ACTION ITEM.
Word for word, set down the lines from the one that contains "Conrad Spirit of Innovation Challenge" through the final line of the data; no pictures belong in the copy.

DATASET EXTRACT.
══════════
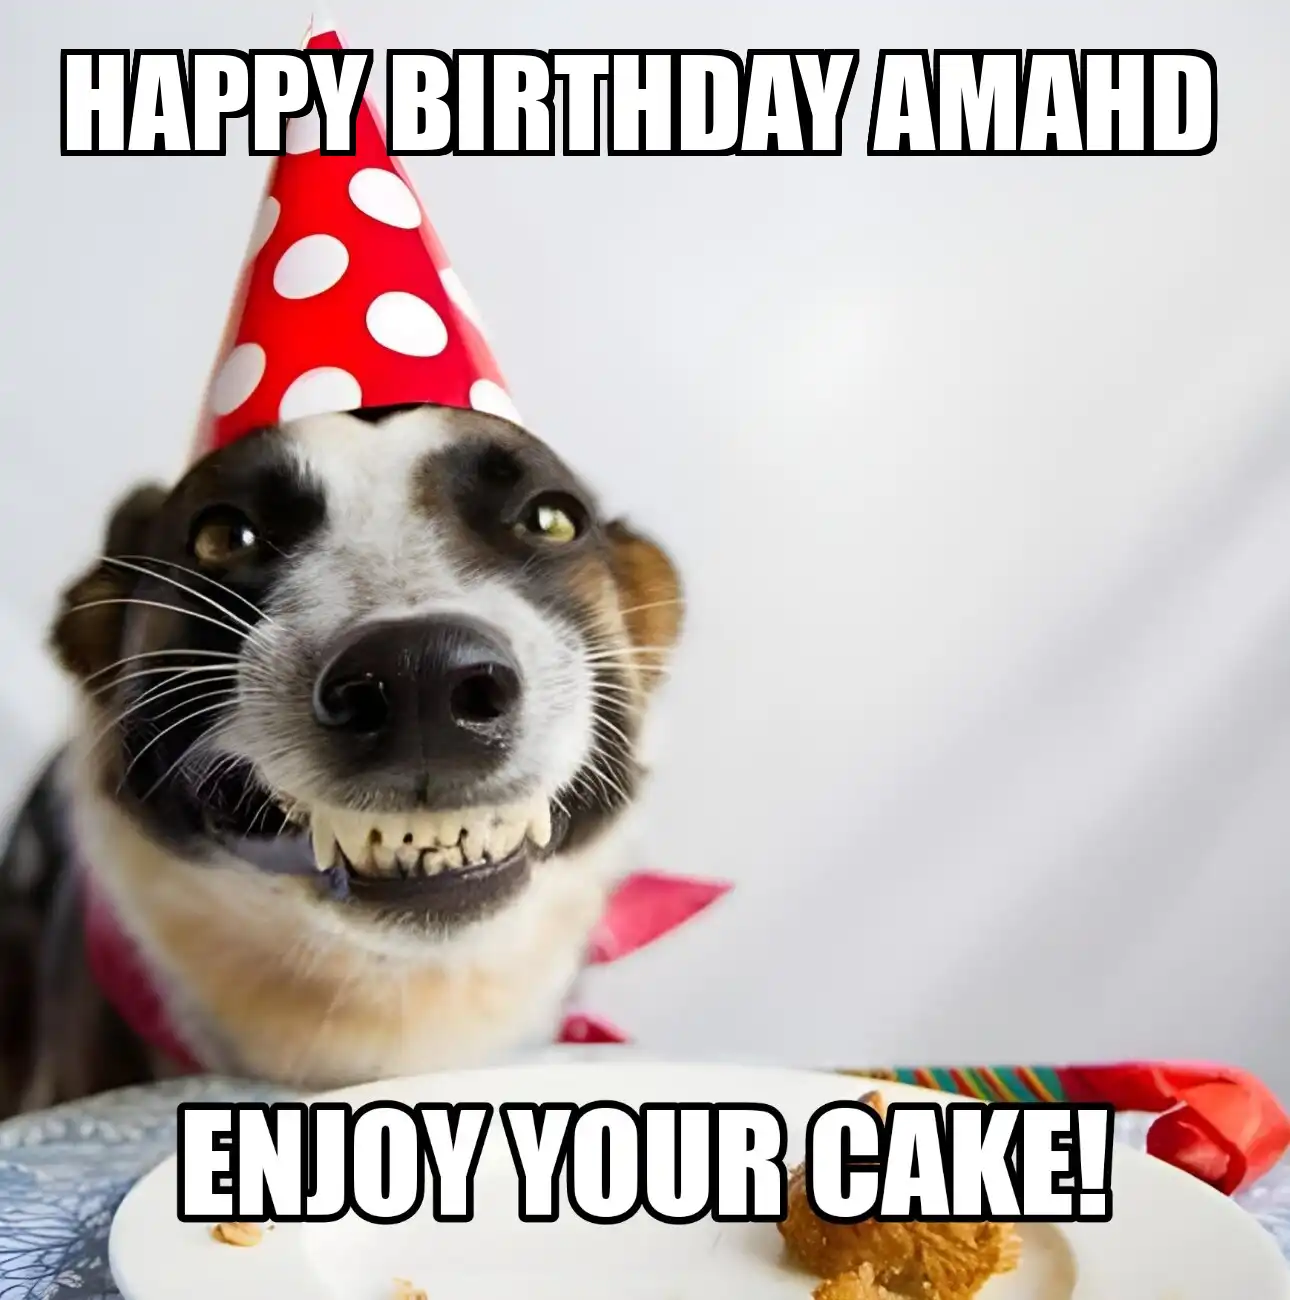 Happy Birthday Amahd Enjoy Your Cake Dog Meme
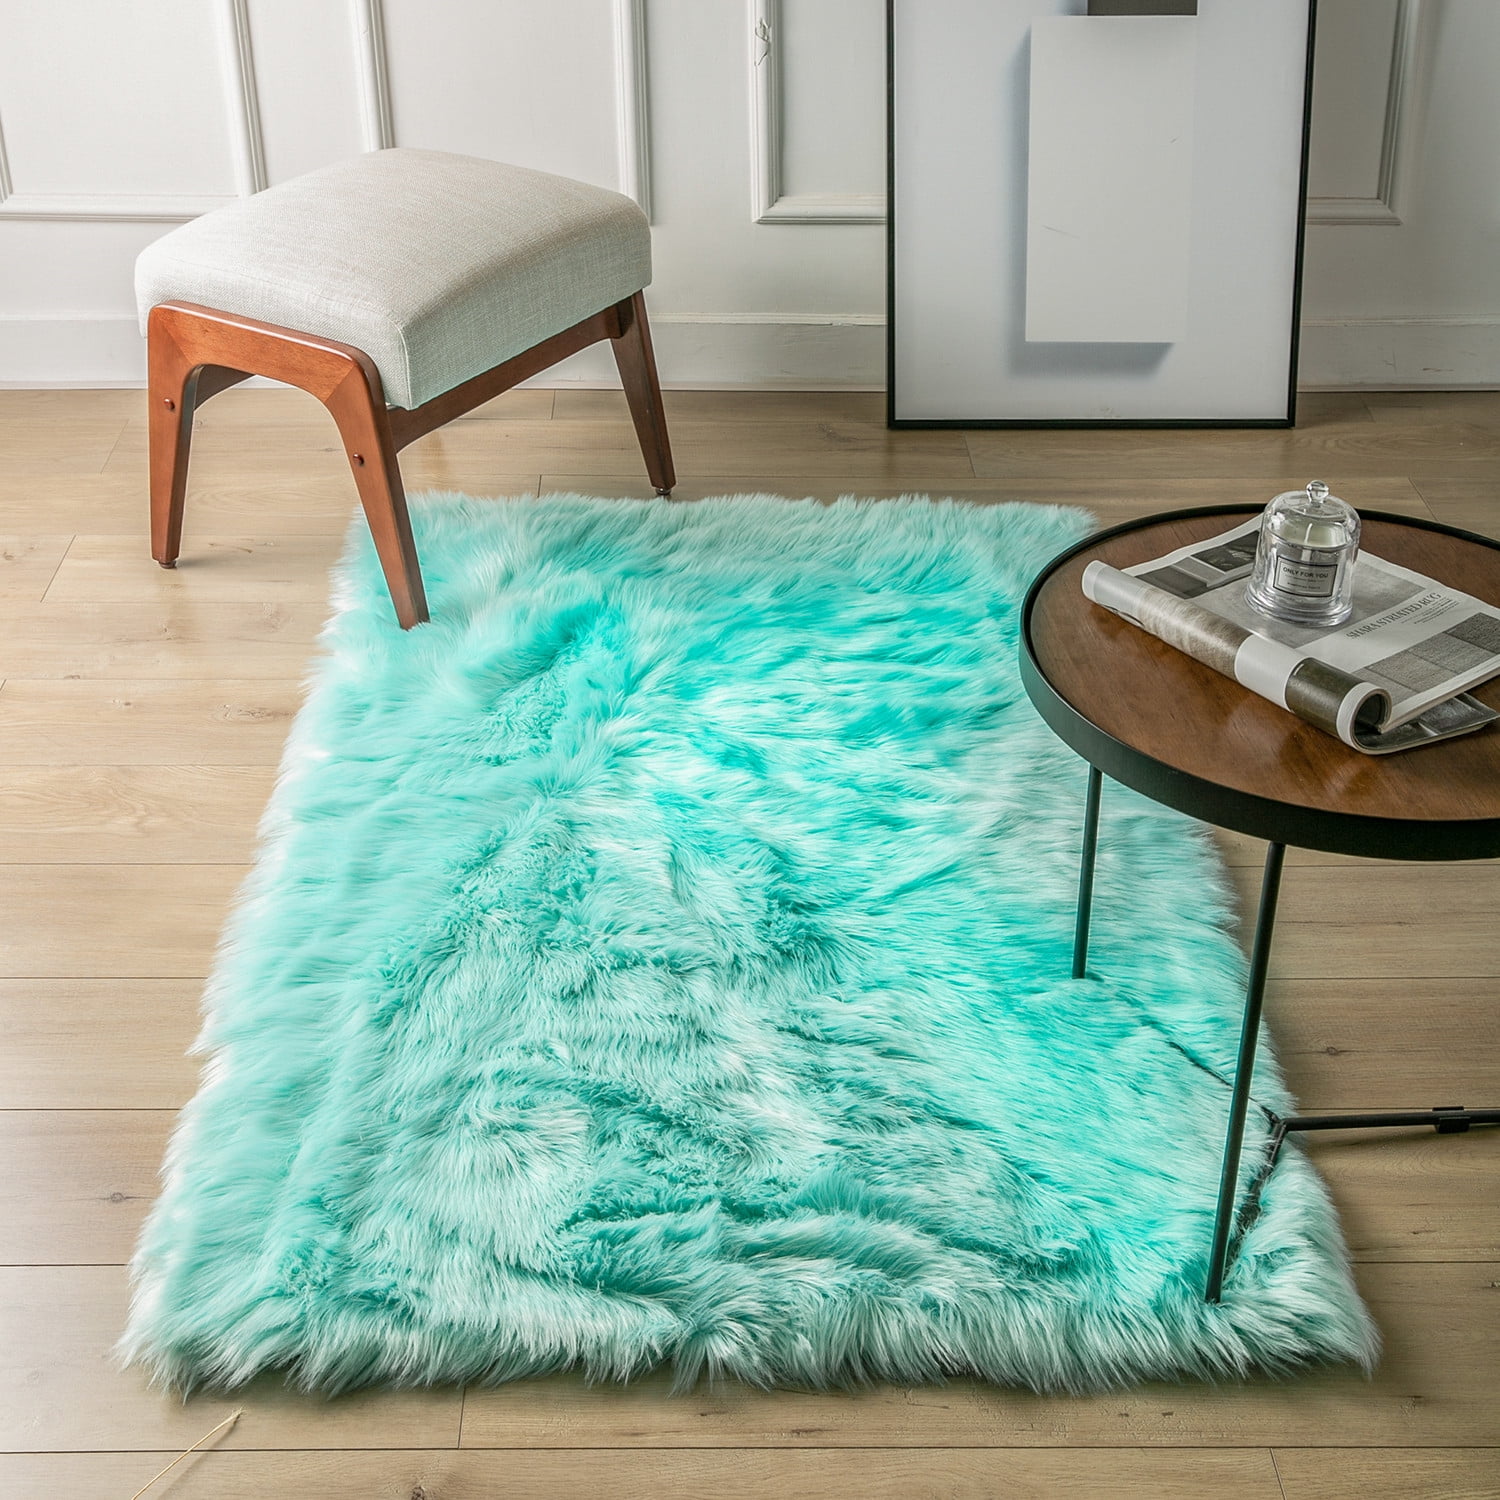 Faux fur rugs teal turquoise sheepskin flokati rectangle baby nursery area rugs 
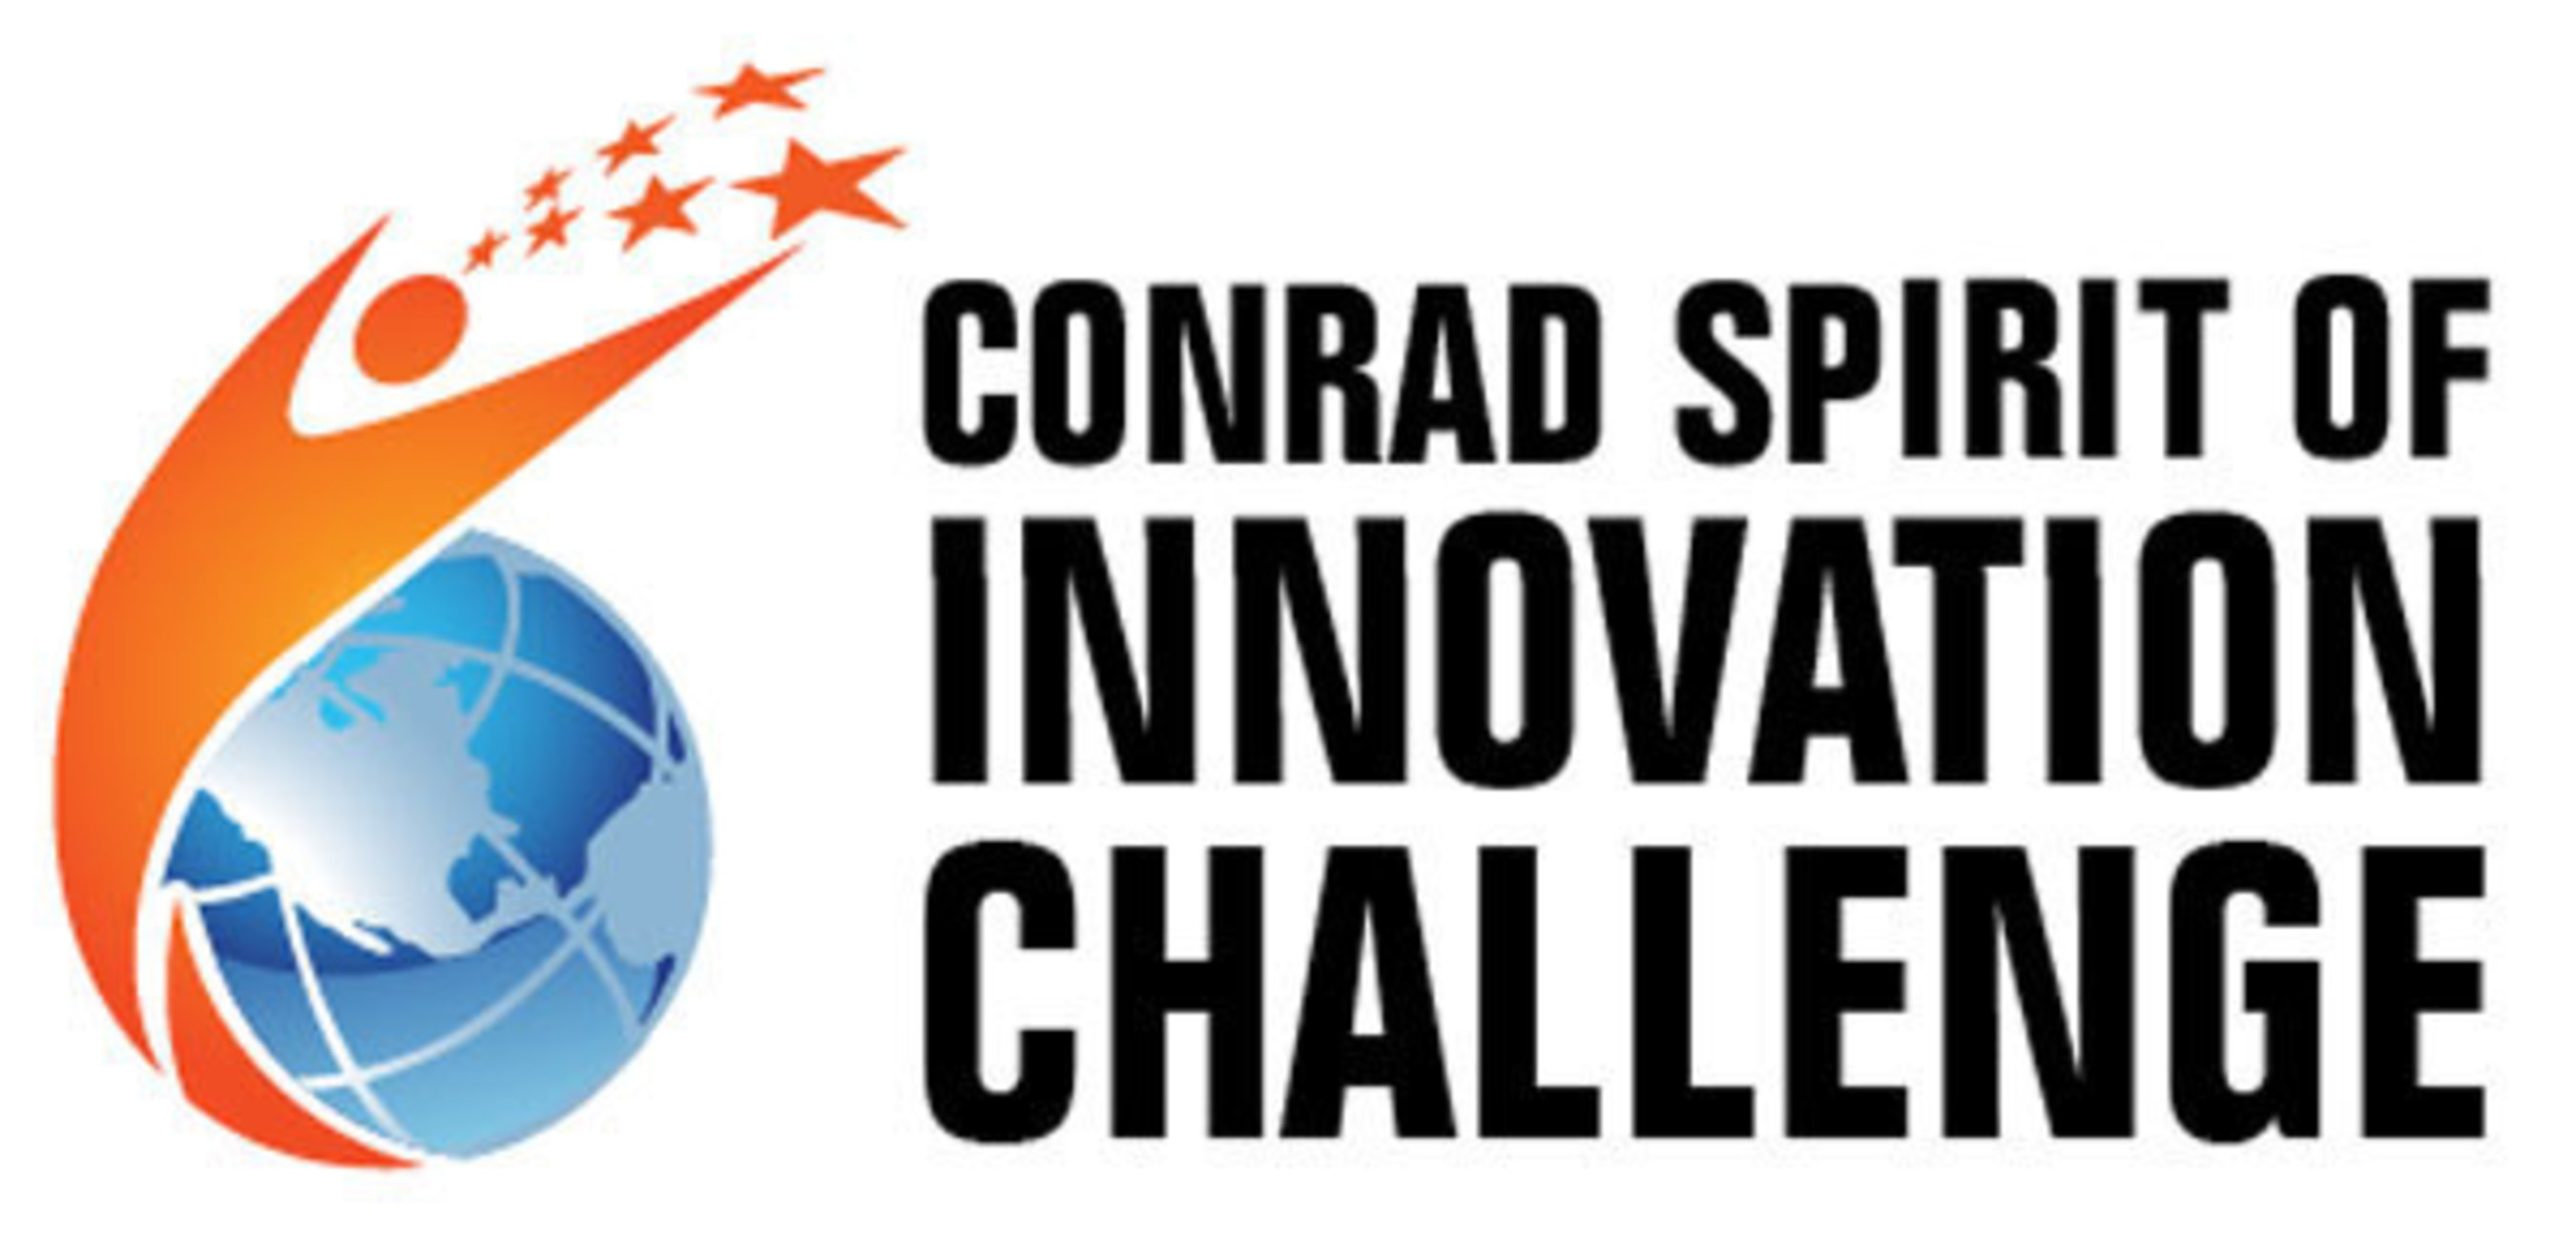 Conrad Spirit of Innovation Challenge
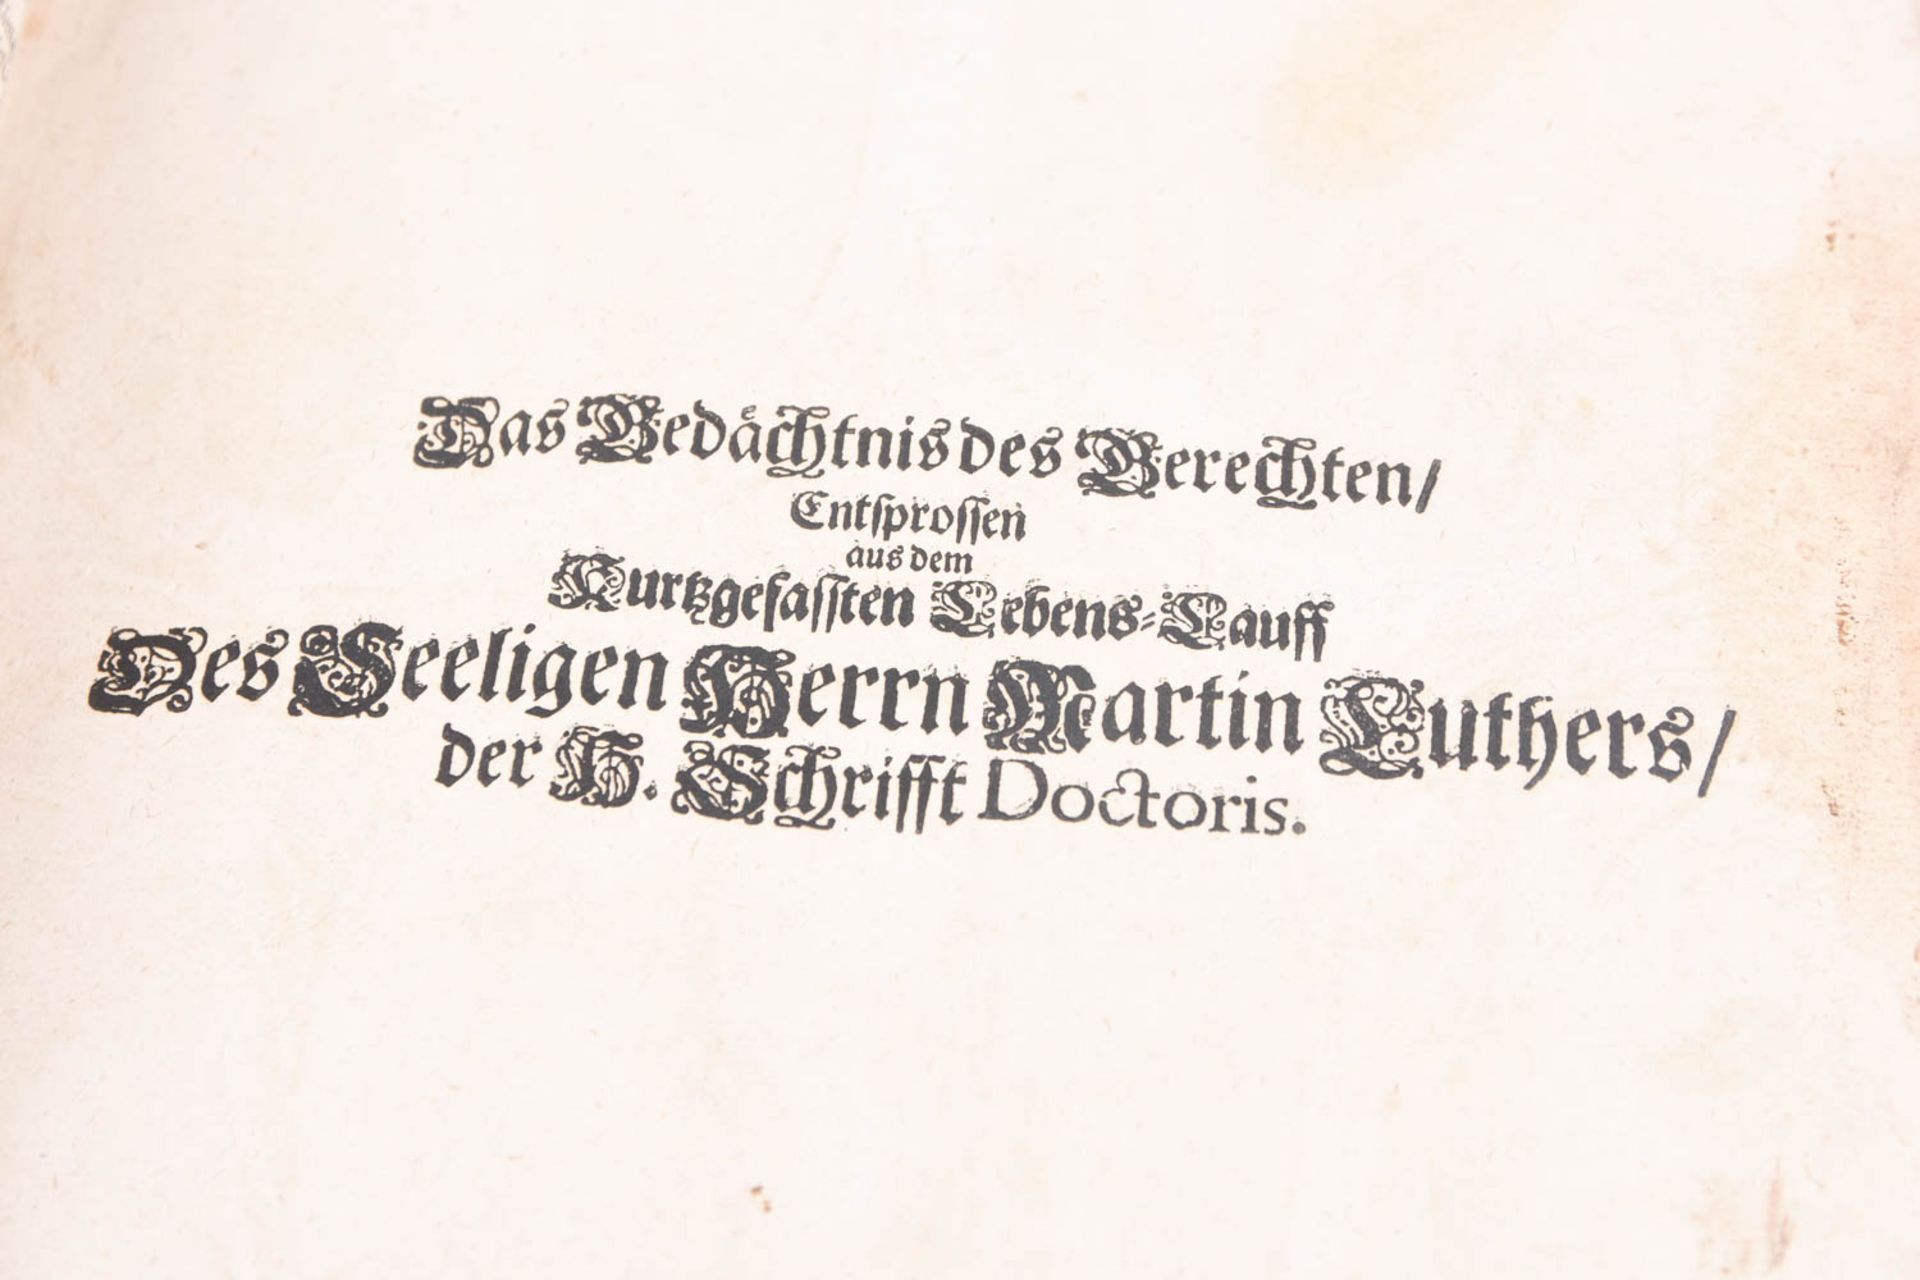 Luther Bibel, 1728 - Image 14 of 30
══════════
SOLUTION TO THIS PROBLEM.
 Conrad Spirit of Innovation Challenge
 Luther Bibel, 1728 - Image 14 of 30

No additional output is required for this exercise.